TUSD board rejects discussing Ethnic Studies review panel
TUCSON (KGUN9-TV) - The group Tucsonans United for a Sound District wanted the Tucson Unified School District's governing board to talk about possibly creating an Ethnic Studies review panel. The agenda item they were hoping for has been rejected.
A new law takes effect at the end of December. It forbids teaching anything racially divisive, and even mentions the idea that such programs could advocate overthrowing the government. The law, pushed through the Legislature by State School Superintendent Tom Horne, was made to order to target TUSD's Mexican American Studies program. Horne believes the program promotes racial division. If TUSD is found in violation of the new law, it could be out millions of dollars in state funding. Tucsonans United for a Sound District wants an independent board to review the program in order assure the district doesn't lose money.
"We're concerned with that because both school board member elect and sitting school board member Mark Stegeman have called for this panel.
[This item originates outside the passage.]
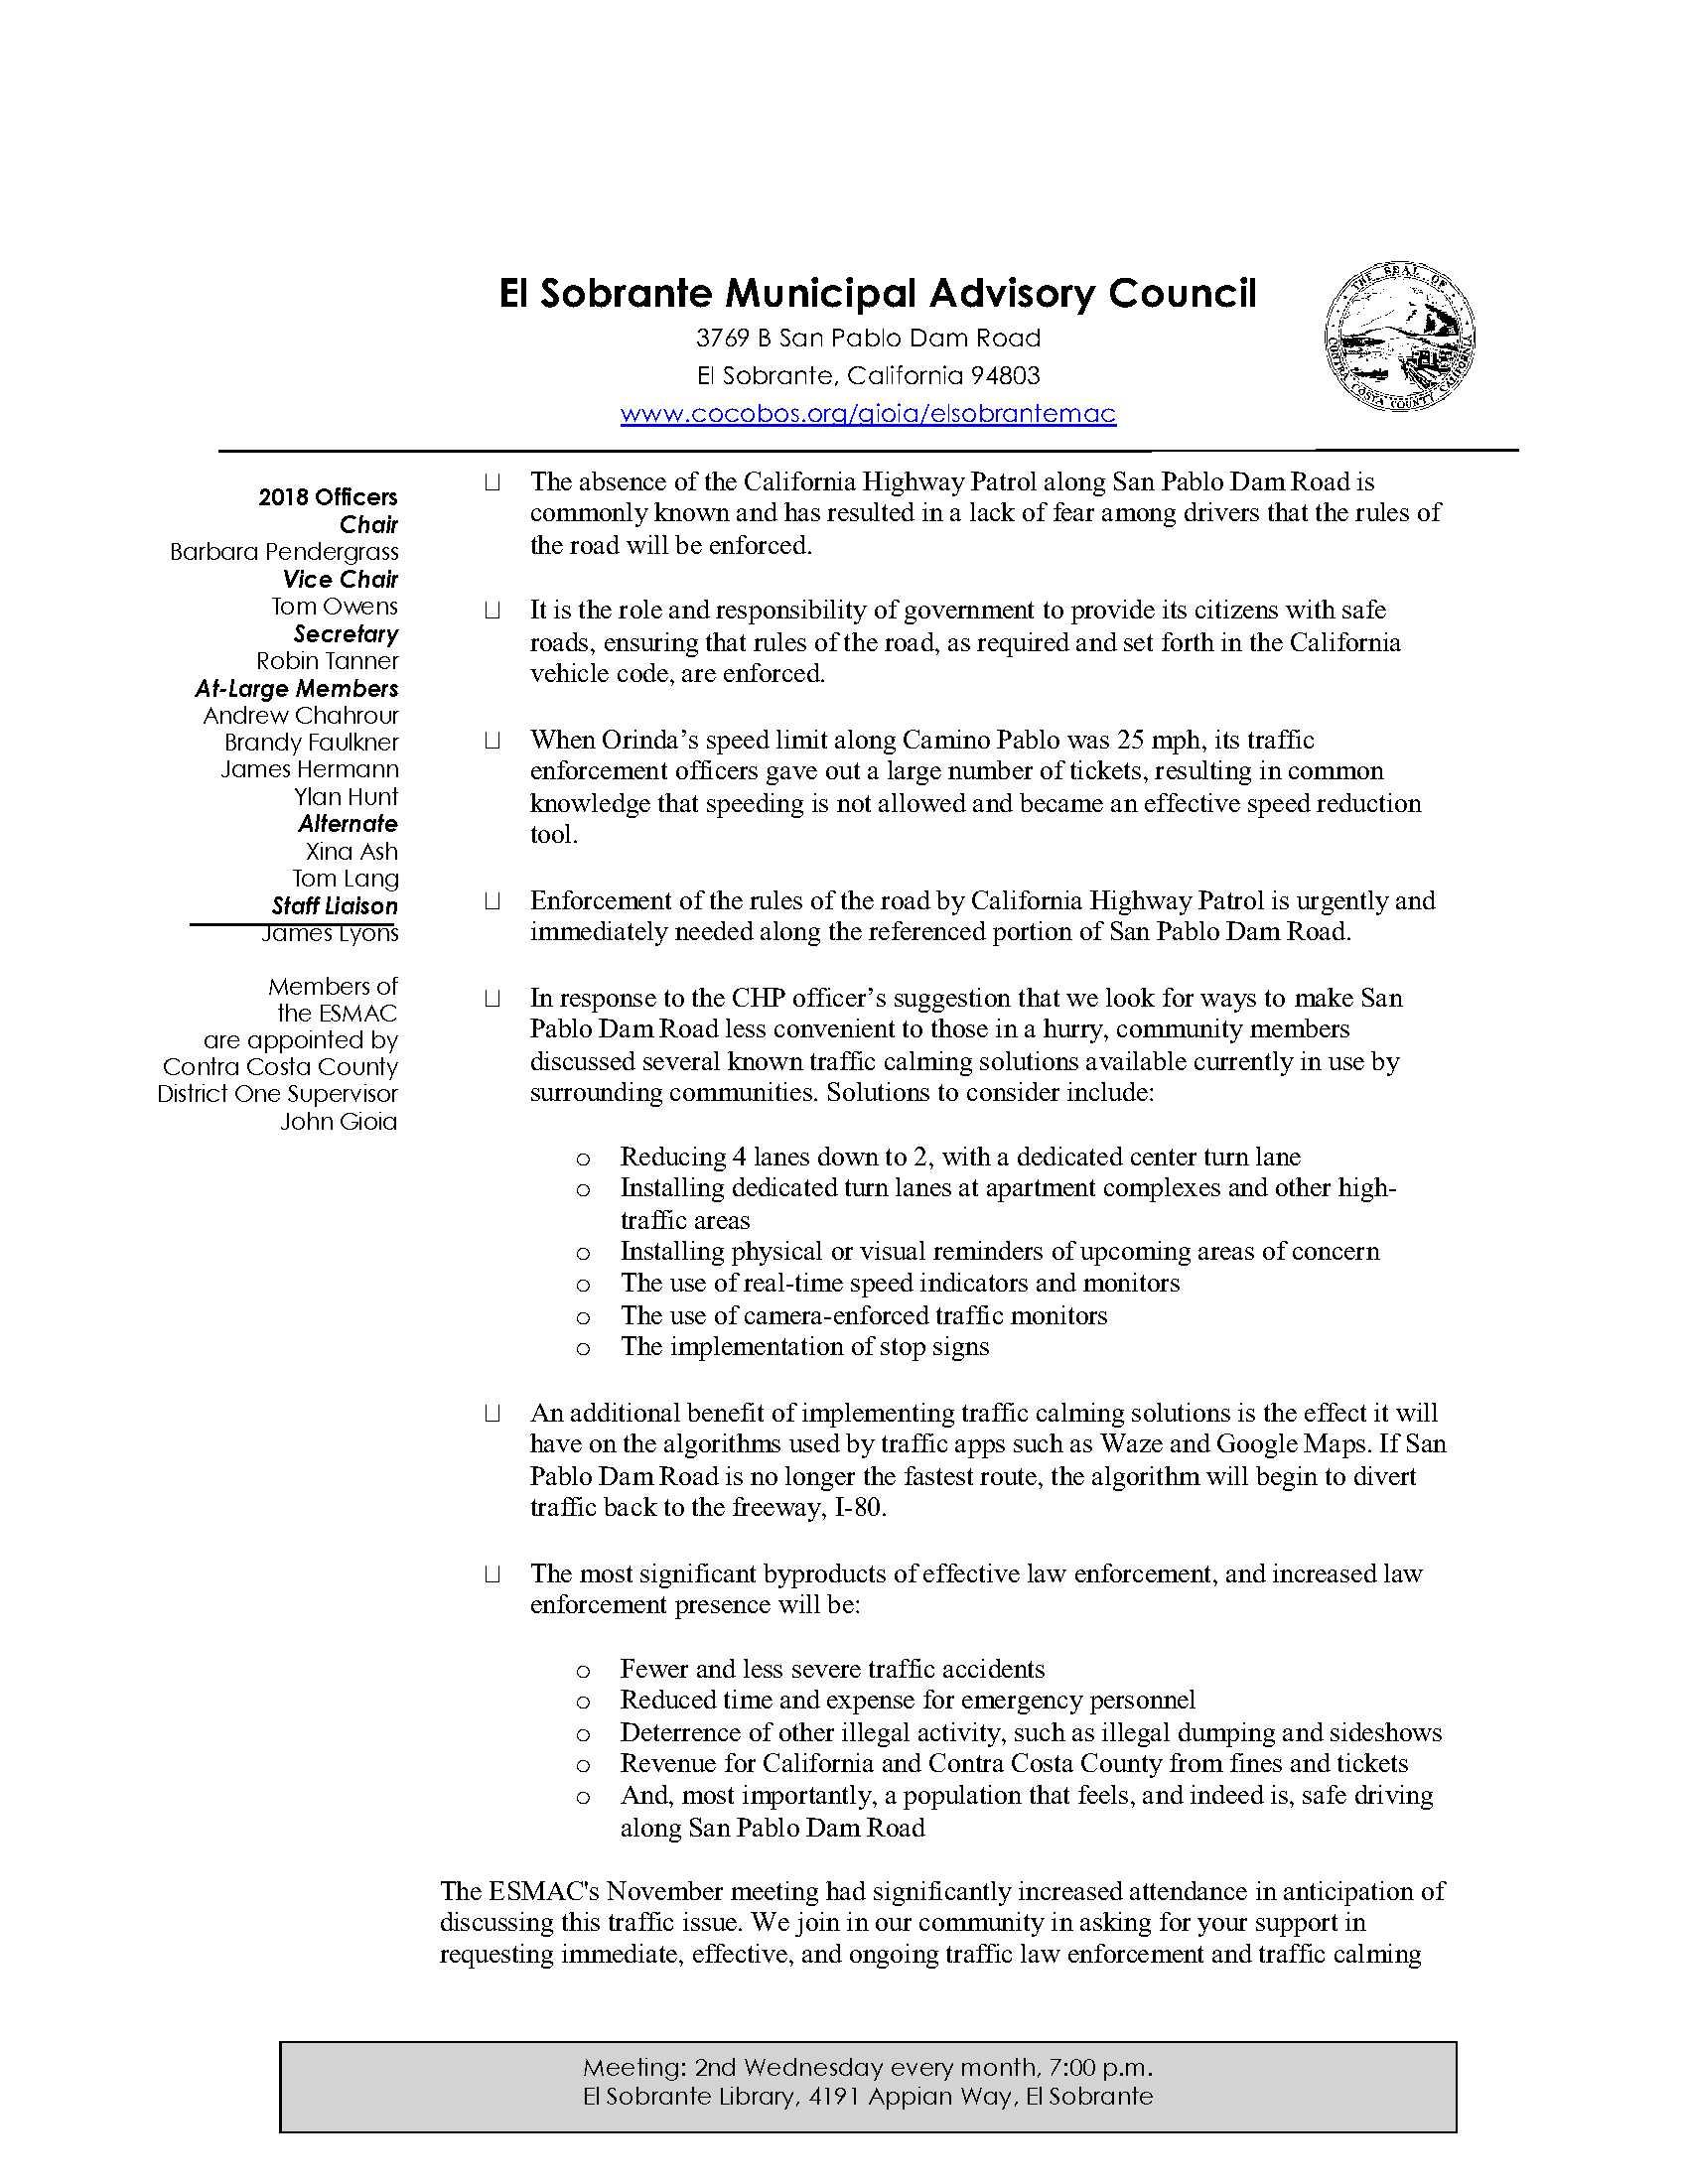 ESMAC Agenda 12.13.2018 (51 Pages)_20.jpg

So we didn't originate the idea," said Loretta Hunnicutt, a member of the group.
KGUN 9 On Your Side took the group's concerns straight to school board member Adelita Grijalva. Sergio Avila asked Grijalva to respond to the group's comments that the board wasn't listening to the community's wishes.
"It really depends on what members of the community you're asking. I understand that there's a disappointment from this group of individuals, but there are many more people that I've spoken to that appreciate we're taking the time to find out from the state first," Grijalva said.
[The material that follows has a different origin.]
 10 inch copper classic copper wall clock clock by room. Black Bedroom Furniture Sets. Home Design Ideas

Grijalva tells KGUN 9 News she would be okay with a review panel once the state makes a determination if the courses are or are not in compliance with the law.
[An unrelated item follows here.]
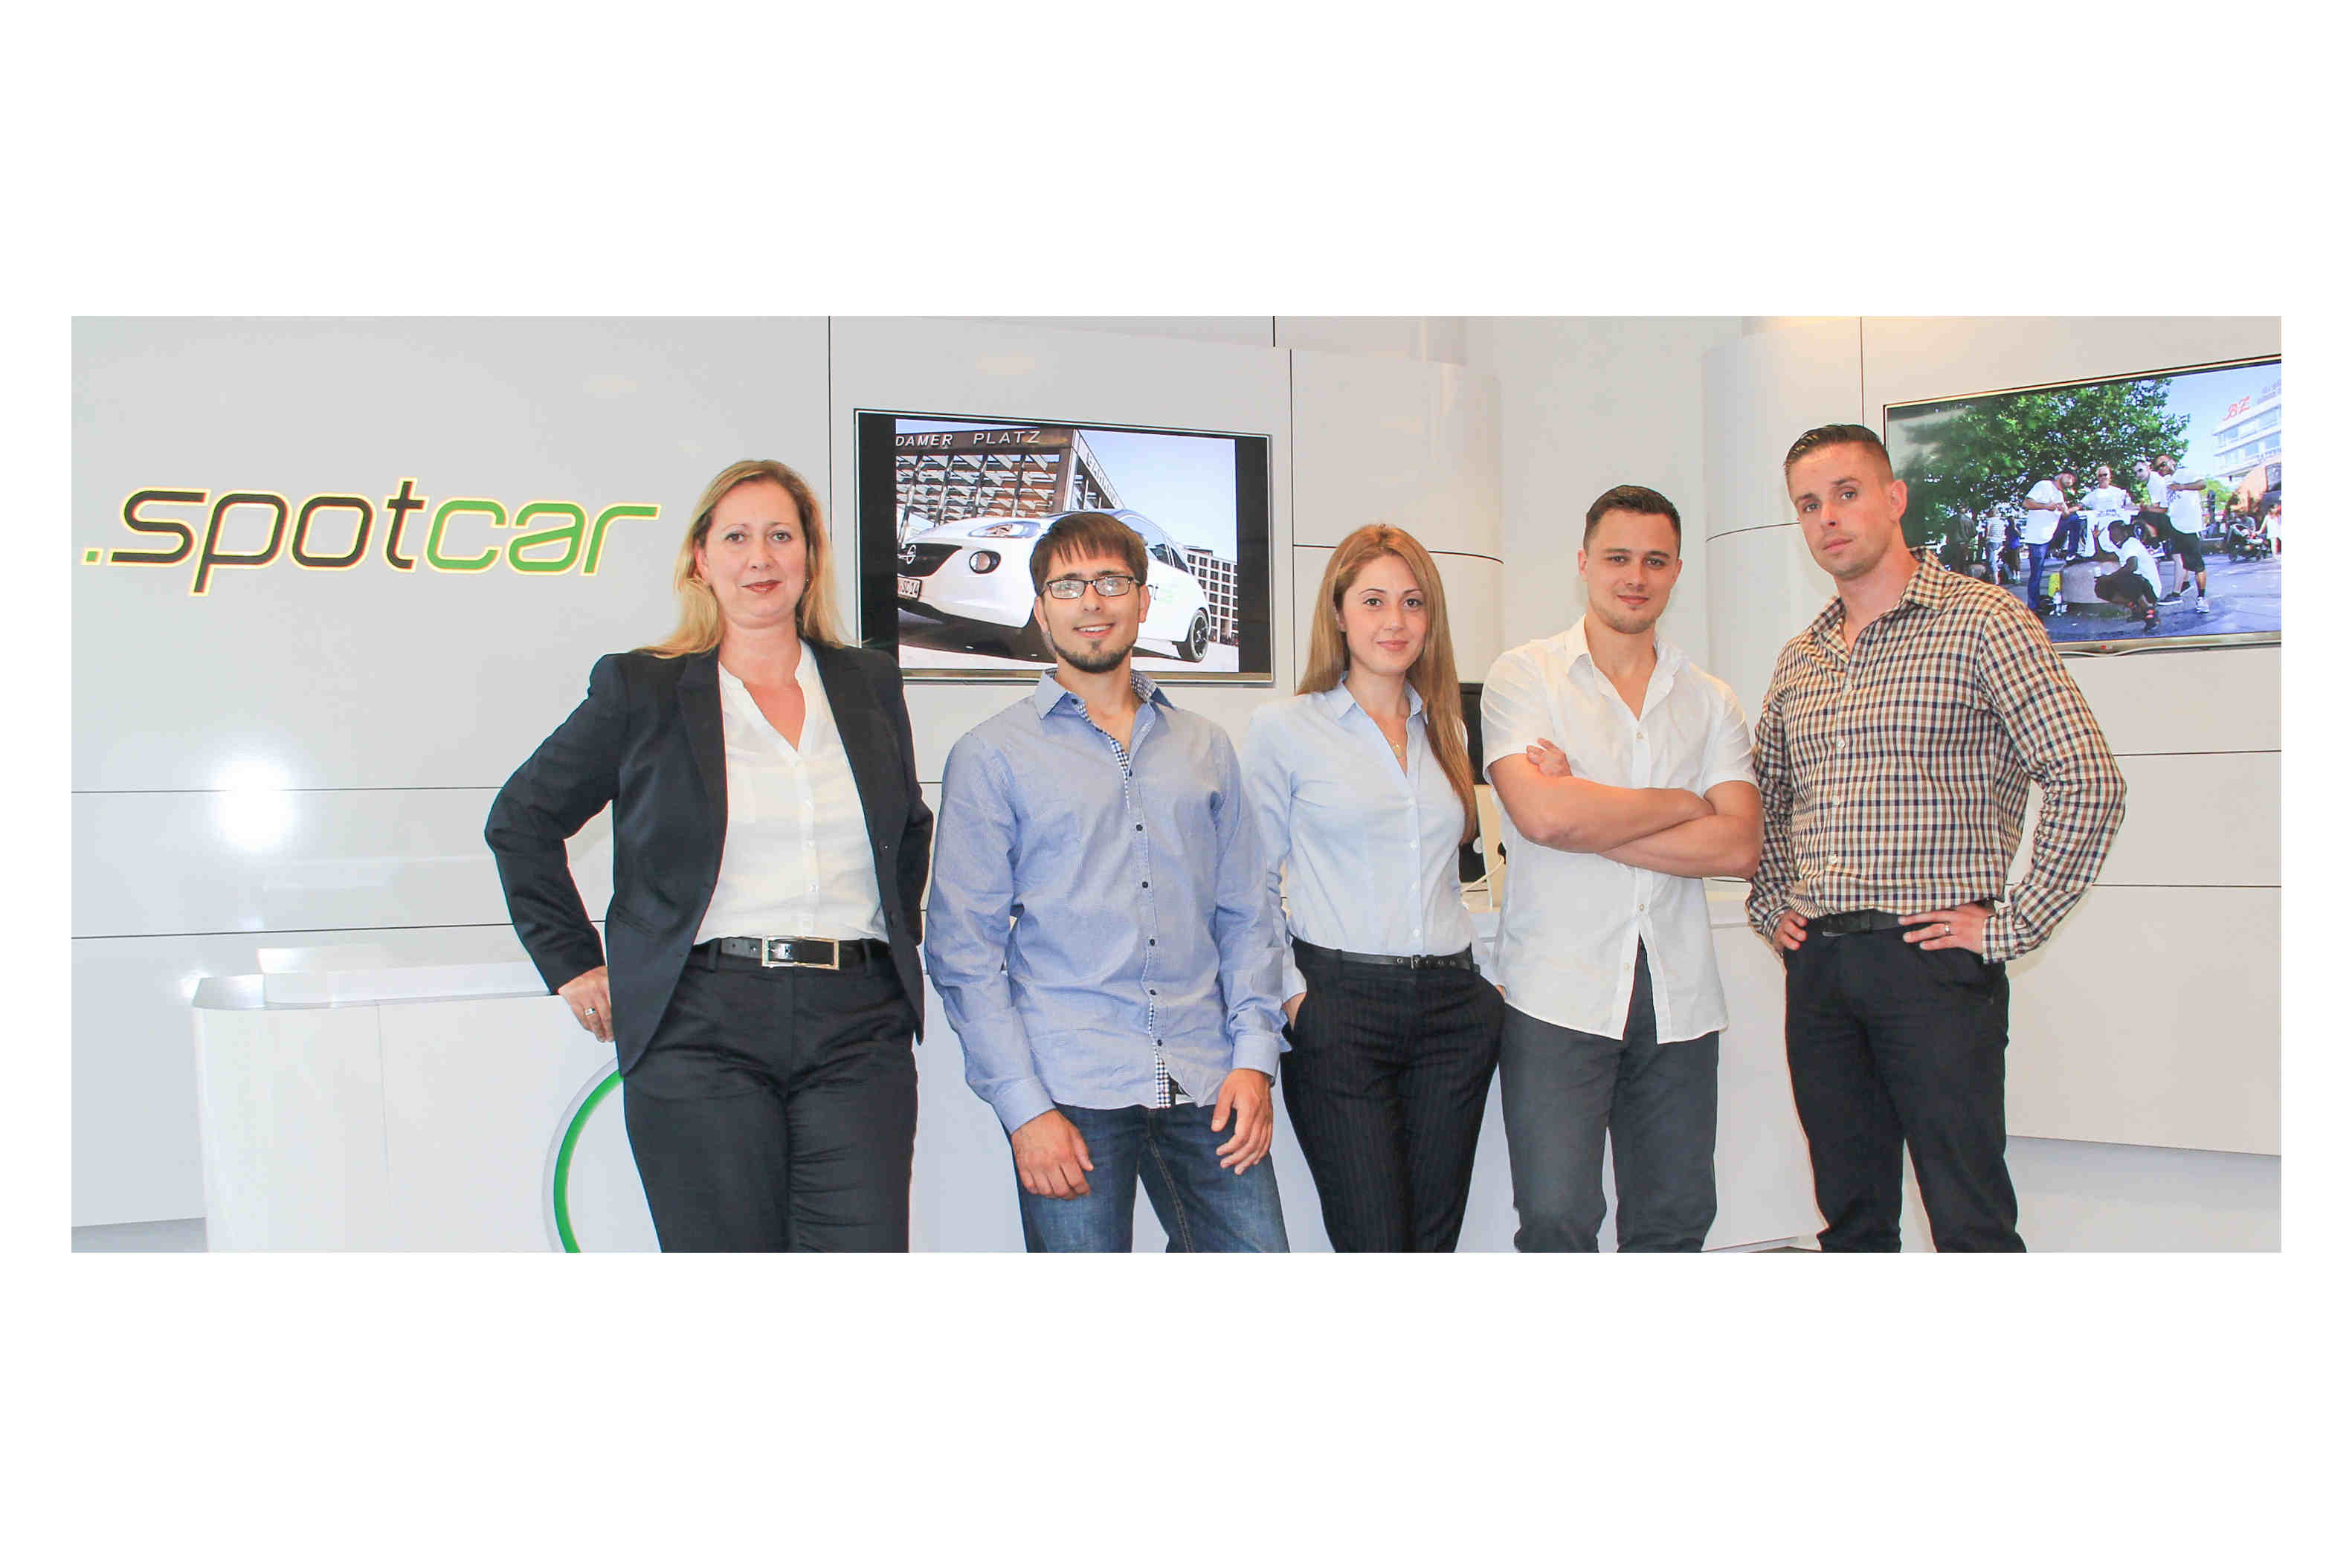 Spotcar Team

9OYS also tracked down school board member Dr. Mark Stegeman, who has advocated for the review panel in the past. Stegeman wanted it months ago and tells 9OYS having it at a time when you're welcoming new superintendent John Pedicone is bad timing.
"Tomorrow will be Dr. Pedicone's, only his second day on the new job, and I think the board felt it made sense to let him be part of the discussion before we make a major policy decision and I'm fine with that. I think that makes sense," Stegeman said.
Grijalva and Stegeman both agreed that revisiting the discussion at a later time would be beneficial for many reasons. Not only is a brand new superintendent joining the district, but TUSD is also getting a new board member, and the state is also welcoming a new state superintendent, John Huppenthal.
Both told KGUN 9 News involving all these new players in the ethnic studies conversation is the right thing to do.